Recently I ran across a mention of an certain blog that was maliciously hacked into and erased, with the personal information of the original author in its place. The blog was hosted at one of these big blog sites like Blogger, LiveJournal, TypePad, etc. The original author did not make backups.
In any case, I decided to take a shot at trying to see if I can get the contents back, and guess what – I managed to recover 89% of the blog content WITHOUT accessing the original site in any way, shape or form. Of course the author is very happy, and if he would have done certain simple tricks he could have recovered everything. (Yes, he should have backed up, but that’s obvious).

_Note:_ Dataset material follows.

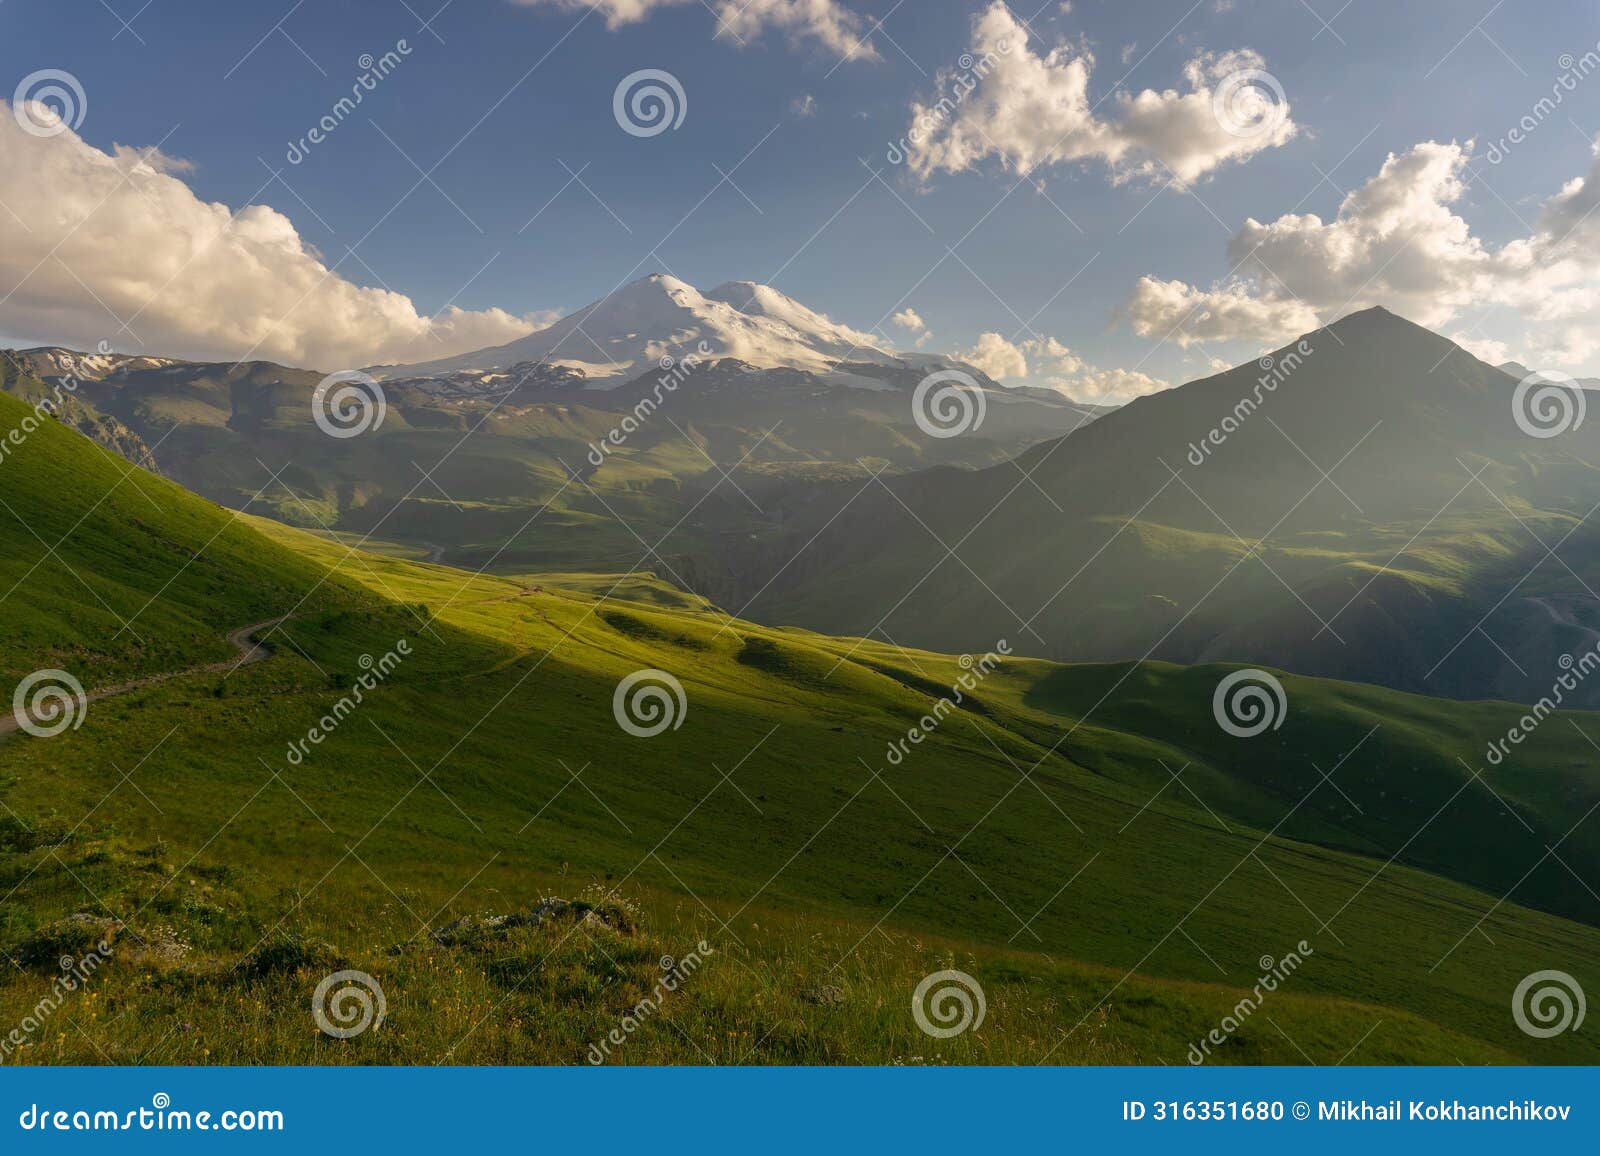 mount elbrus at sunset caucasus mountains

The first step is the Internet Archive. For some reason the Internet Archive did not have this specific blog. After search for my own blog, and some others, it seems that while this might be useful for some content, their update frequency might not sufficient for this. The key to recovering blog content is learning a little about search engines and RSS feeds. Two search engines happen to cache content for about 30 days, and in case of blogs for less. These are Google and Yahoo! Search. Searching through Google’s cache recovered about 3 weeks worth of posts. Of course this is something that can only be done within a short time after the original erasure occurs. To use the cache, simply use this URL:
Now about the RSS feeds: a lot of blogs are indexed via feeds in various blog search engines and online RSS readers. Two, Feedster and BlogLines appear to cache stuff indefinitely unlike Google (BlogDigger happened to be down at the time). Unfortunately, after search for the blog’s name in Feedster, it seems that this specific blog was not indexed in Feedster. As for Bloglines which is an RSS reader, after doing a search, it appears that they only index a blog when there is at least one active subscriber to it. In this specific blog, someone was subscribed to it for about 2 weeks, which recovered another two weeks of the content. If the blog author would have added his feed to Feedster, probably more content would have recovered. As for BlogLines, perhaps having an account with them with one feed would be a solution.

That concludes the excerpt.